### Goal of the exercise
Repeat the records below line by line, exactly, finishing on the line that contains "A table with".
====== Stored data
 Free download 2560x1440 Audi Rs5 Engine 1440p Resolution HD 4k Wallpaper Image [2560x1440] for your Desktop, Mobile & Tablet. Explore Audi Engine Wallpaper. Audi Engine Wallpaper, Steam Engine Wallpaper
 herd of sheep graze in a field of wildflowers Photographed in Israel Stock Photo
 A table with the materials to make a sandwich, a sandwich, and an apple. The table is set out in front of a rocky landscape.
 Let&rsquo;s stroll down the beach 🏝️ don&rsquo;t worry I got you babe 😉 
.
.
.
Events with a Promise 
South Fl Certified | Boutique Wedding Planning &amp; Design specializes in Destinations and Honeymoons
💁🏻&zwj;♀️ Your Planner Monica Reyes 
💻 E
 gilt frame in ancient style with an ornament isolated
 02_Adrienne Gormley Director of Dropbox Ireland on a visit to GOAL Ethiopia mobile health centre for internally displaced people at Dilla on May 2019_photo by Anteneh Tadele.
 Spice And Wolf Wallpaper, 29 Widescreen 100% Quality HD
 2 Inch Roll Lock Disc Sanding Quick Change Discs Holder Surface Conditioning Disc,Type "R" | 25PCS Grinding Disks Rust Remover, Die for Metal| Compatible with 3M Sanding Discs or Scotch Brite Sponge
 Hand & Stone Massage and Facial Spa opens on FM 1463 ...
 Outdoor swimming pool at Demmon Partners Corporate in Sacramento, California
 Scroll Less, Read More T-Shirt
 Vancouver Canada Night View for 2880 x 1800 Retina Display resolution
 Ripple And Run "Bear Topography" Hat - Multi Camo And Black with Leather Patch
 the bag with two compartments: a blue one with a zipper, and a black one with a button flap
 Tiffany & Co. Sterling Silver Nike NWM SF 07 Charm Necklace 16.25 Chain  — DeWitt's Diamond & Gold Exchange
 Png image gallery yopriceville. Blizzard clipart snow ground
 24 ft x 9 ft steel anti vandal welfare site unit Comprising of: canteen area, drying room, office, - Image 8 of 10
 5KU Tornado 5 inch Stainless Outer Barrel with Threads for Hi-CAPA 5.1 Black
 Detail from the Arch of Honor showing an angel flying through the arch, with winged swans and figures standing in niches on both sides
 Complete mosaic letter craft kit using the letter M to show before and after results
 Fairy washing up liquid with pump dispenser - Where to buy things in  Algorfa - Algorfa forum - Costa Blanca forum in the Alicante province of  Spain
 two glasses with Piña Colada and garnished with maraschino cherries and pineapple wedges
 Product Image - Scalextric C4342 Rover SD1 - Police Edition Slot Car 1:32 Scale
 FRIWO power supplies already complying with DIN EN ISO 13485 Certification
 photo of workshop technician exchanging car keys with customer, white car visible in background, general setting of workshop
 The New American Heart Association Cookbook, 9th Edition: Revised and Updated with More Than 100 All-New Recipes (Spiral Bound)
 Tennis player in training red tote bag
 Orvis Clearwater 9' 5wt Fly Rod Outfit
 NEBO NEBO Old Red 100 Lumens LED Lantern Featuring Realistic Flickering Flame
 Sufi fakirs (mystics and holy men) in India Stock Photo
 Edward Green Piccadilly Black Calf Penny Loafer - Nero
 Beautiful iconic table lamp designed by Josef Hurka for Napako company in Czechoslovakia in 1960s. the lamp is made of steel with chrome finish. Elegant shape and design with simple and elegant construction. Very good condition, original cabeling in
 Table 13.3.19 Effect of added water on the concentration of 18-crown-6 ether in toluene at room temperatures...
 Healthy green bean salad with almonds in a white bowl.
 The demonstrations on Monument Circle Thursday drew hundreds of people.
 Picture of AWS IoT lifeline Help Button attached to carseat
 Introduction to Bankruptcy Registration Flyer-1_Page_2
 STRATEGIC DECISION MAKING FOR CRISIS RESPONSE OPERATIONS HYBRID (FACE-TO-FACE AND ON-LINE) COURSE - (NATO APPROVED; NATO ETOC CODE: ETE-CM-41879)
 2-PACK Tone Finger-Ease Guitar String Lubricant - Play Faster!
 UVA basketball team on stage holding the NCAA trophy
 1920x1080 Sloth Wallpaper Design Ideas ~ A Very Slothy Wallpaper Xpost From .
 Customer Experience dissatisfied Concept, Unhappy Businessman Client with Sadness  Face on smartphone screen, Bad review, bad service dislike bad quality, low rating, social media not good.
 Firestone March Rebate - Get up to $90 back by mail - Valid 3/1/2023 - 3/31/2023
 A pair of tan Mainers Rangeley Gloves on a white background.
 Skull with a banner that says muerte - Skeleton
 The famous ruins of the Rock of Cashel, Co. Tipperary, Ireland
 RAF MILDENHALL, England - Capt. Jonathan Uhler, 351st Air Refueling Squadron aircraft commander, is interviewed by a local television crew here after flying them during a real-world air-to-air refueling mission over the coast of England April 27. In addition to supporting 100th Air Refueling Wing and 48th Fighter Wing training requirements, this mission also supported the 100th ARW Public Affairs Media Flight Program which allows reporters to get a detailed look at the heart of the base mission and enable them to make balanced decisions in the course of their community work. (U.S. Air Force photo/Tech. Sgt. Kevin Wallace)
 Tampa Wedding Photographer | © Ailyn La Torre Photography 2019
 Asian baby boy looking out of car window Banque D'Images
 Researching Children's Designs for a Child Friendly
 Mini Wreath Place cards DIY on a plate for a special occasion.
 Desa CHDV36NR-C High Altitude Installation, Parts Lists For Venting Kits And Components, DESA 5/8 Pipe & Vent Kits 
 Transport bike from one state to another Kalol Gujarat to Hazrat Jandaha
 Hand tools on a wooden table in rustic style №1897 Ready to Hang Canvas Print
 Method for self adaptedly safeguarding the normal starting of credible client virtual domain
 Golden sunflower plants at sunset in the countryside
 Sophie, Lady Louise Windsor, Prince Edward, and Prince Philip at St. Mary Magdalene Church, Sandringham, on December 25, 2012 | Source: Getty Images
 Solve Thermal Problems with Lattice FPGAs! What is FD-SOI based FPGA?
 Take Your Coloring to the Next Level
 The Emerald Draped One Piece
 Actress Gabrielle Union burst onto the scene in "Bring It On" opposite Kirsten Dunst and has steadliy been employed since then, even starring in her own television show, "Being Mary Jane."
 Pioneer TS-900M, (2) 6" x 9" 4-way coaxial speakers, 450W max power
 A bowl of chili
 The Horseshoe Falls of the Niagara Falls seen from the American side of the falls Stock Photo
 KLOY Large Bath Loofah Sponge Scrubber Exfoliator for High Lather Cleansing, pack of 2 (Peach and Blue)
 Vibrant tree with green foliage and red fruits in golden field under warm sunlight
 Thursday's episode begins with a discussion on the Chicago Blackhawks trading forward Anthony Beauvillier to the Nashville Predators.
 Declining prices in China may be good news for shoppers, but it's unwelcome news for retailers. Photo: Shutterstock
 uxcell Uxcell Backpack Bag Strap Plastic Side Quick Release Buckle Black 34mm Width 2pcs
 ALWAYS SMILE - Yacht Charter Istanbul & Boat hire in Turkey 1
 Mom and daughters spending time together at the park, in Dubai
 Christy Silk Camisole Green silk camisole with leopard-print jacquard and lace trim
============
### Response
 Free download 2560x1440 Audi Rs5 Engine 1440p Resolution HD 4k Wallpaper Image [2560x1440] for your Desktop, Mobile & Tablet. Explore Audi Engine Wallpaper. Audi Engine Wallpaper, Steam Engine Wallpaper
 herd of sheep graze in a field of wildflowers Photographed in Israel Stock Photo
 A table with the materials to make a sandwich, a sandwich, and an apple. The table is set out in front of a rocky landscape.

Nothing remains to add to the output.